> [Collected data]:
··········
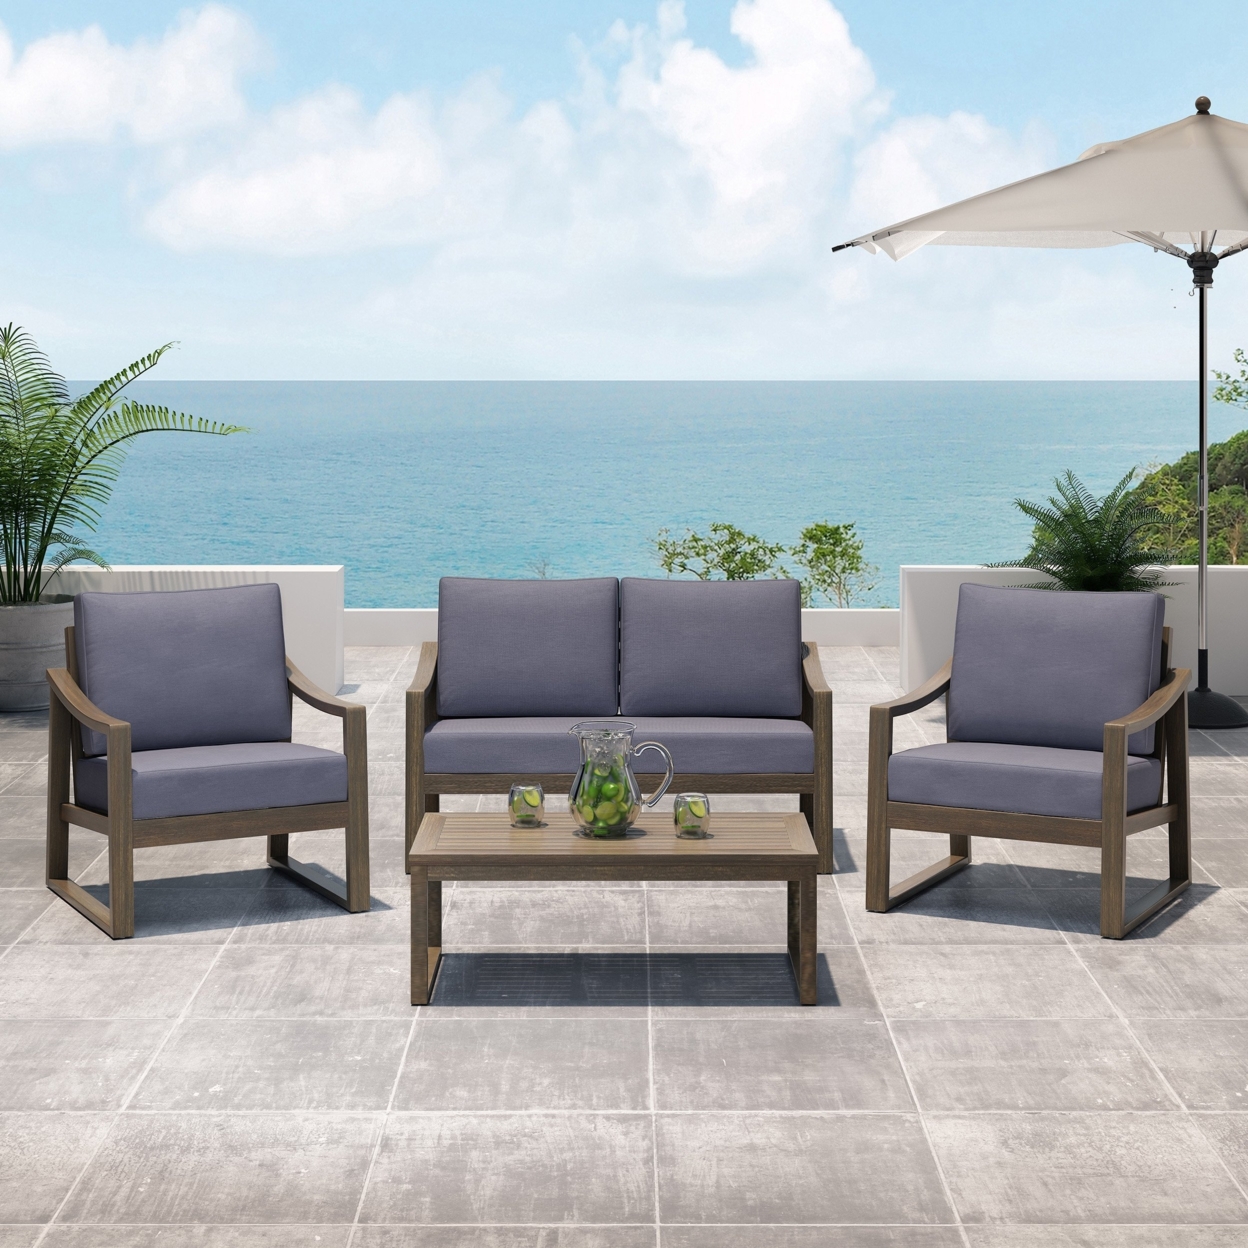 Johnlucas Outdoor 4 Seater Acacia Wood Chat Set With Water Resistant Cushions - Teak/beige
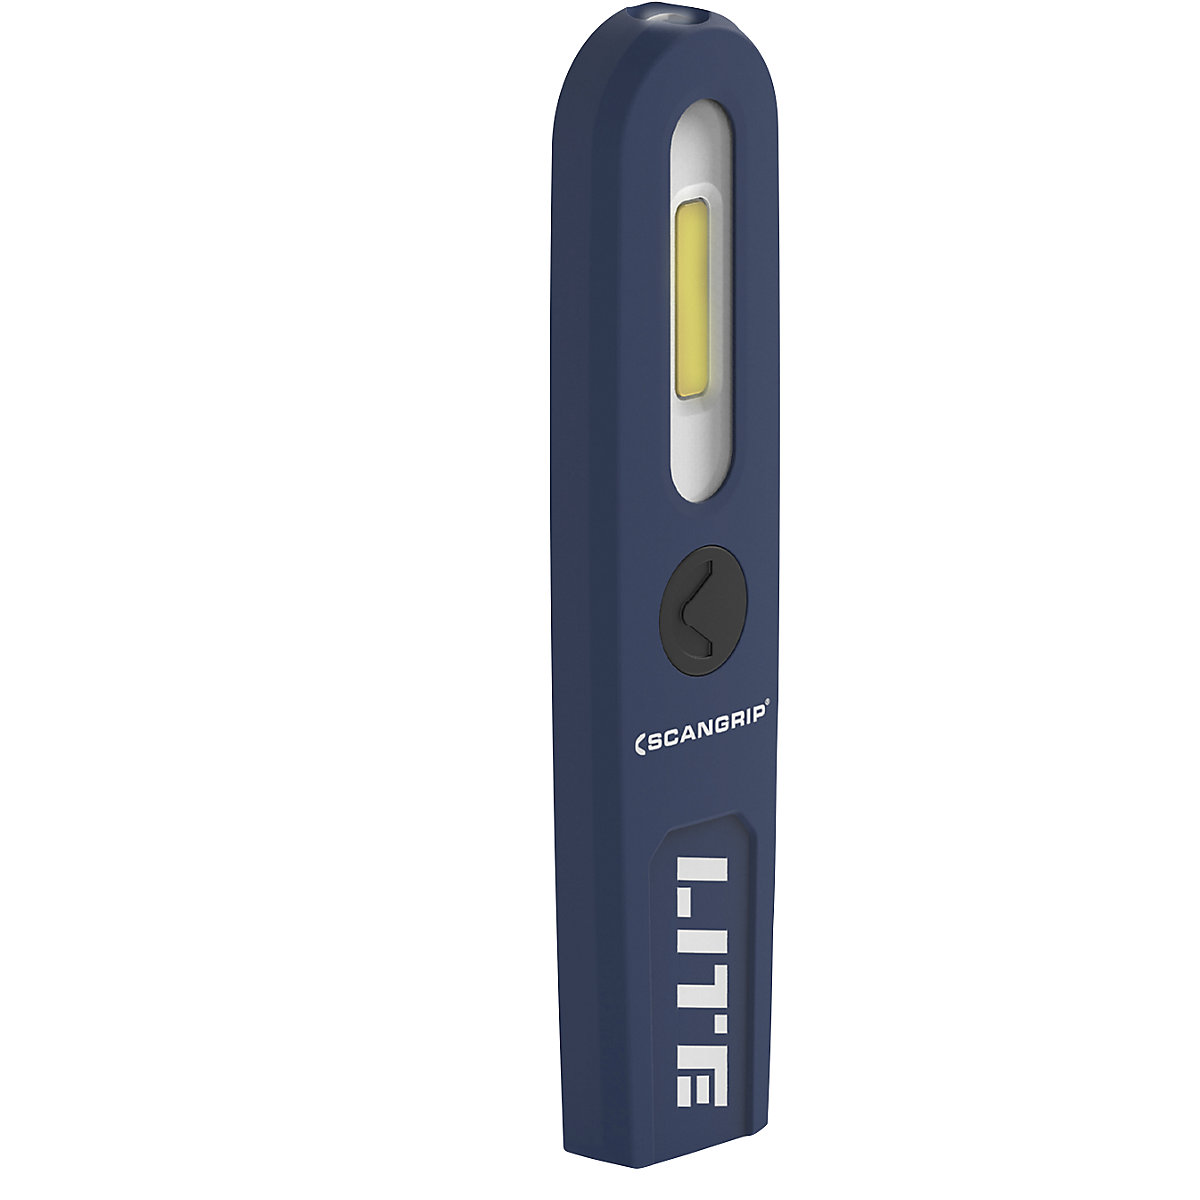 STICK LITE S rechargeable LED hand lamp - SCANGRIP
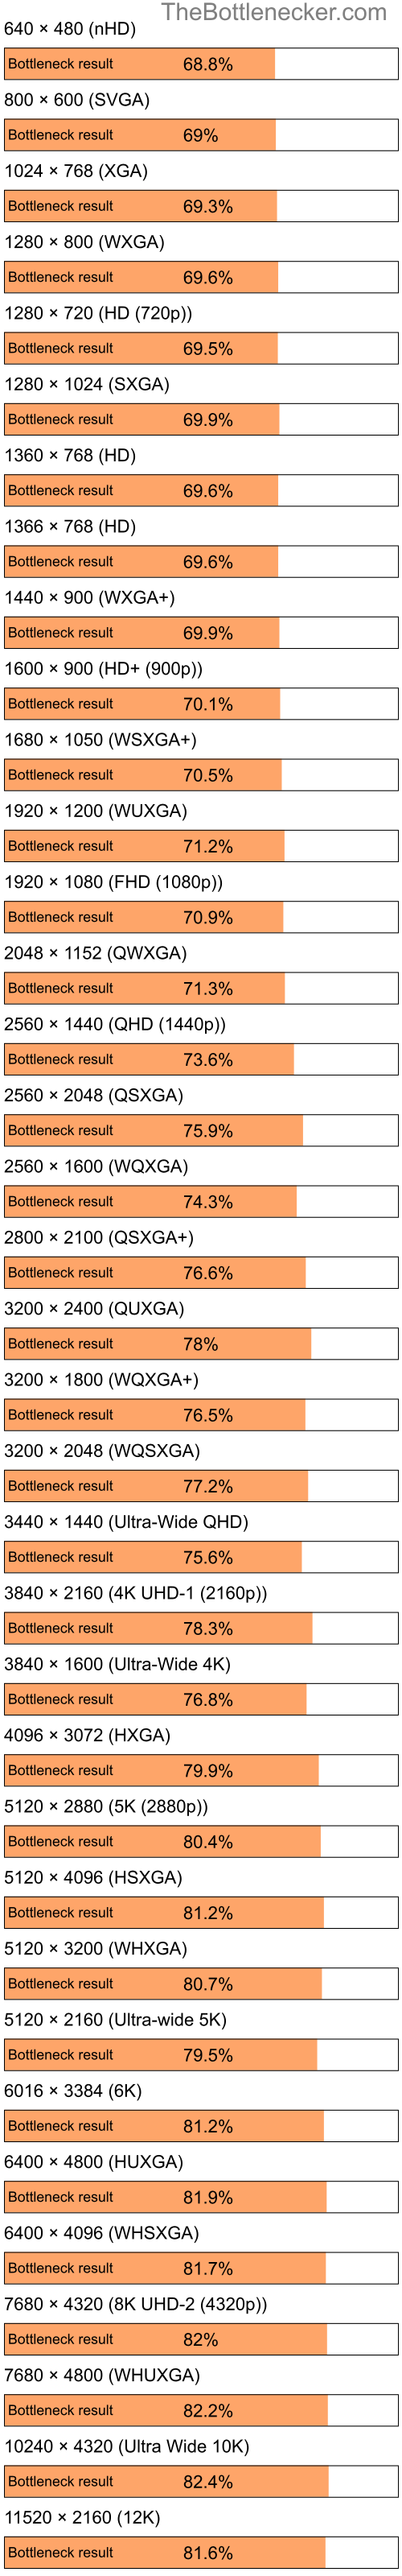 Bottleneck results by resolution for Intel Atom Z520 and AMD M880G with Mobility Radeon HD 4250 in Graphic Card Intense Tasks
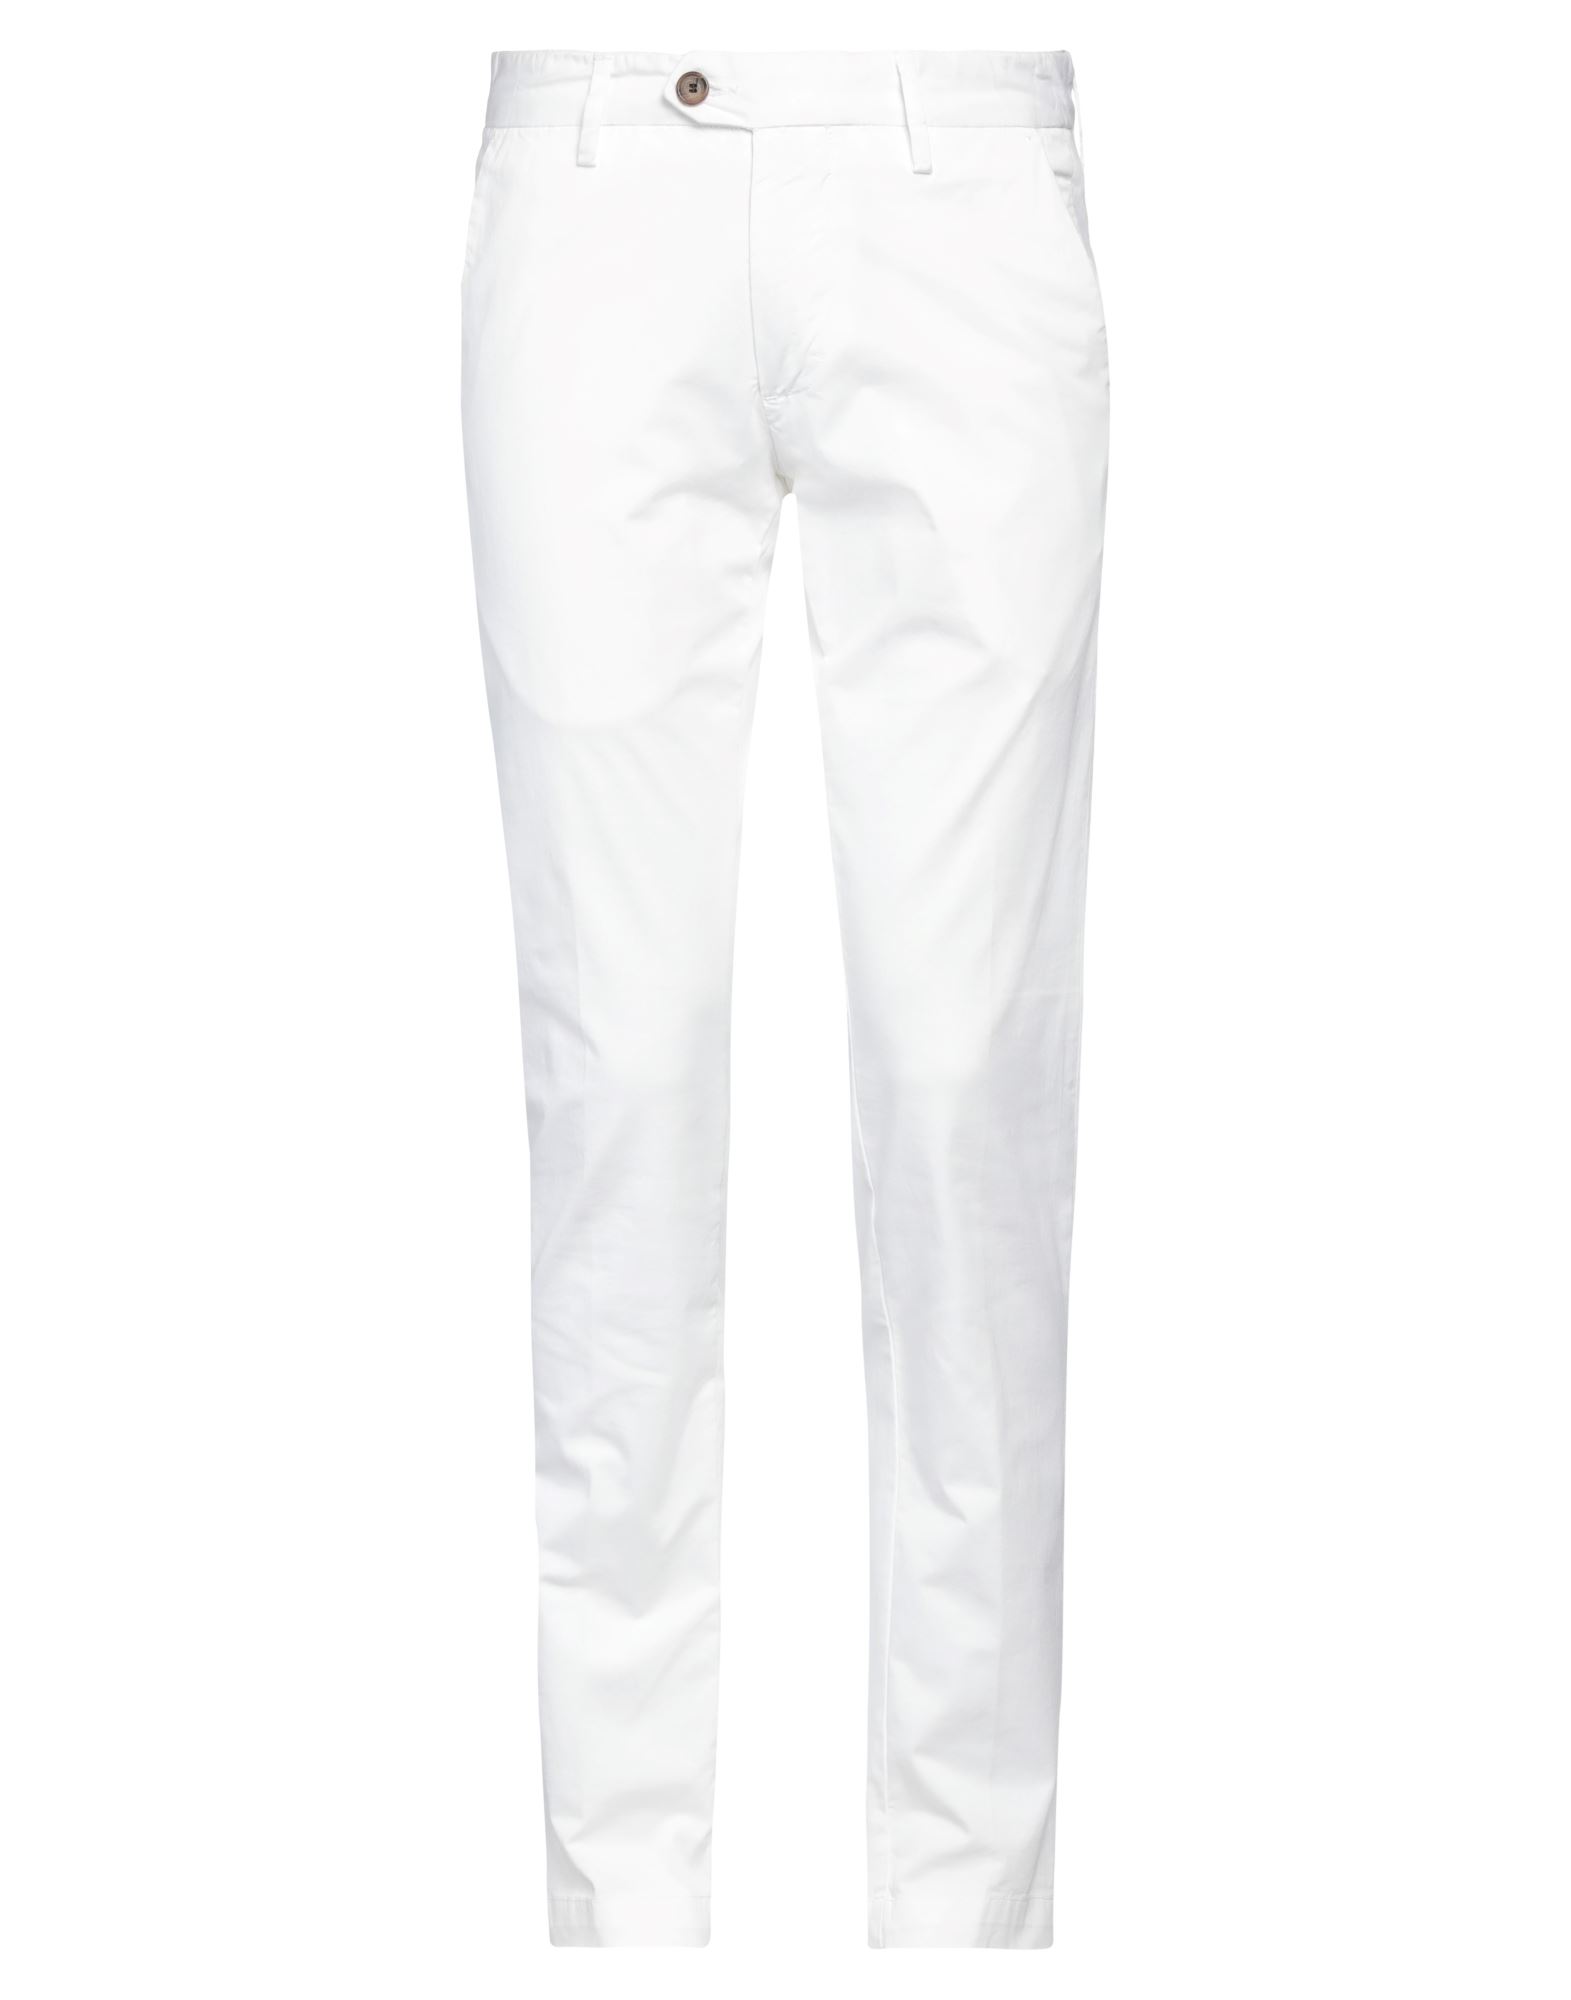 Myths Pants In White
··········
> [What this task involves]: Your reply must match the data above line for line, except that it holds no pictures.

> [Output of the task]:
 Johnlucas Outdoor 4 Seater Acacia Wood Chat Set With Water Resistant Cushions - Teak/beige
 STICK LITE S rechargeable LED hand lamp - SCANGRIP
 Bottleneck results by resolution for Intel Atom Z520 and AMD M880G with Mobility Radeon HD 4250 in Graphic Card Intense Tasks
 Myths Pants In White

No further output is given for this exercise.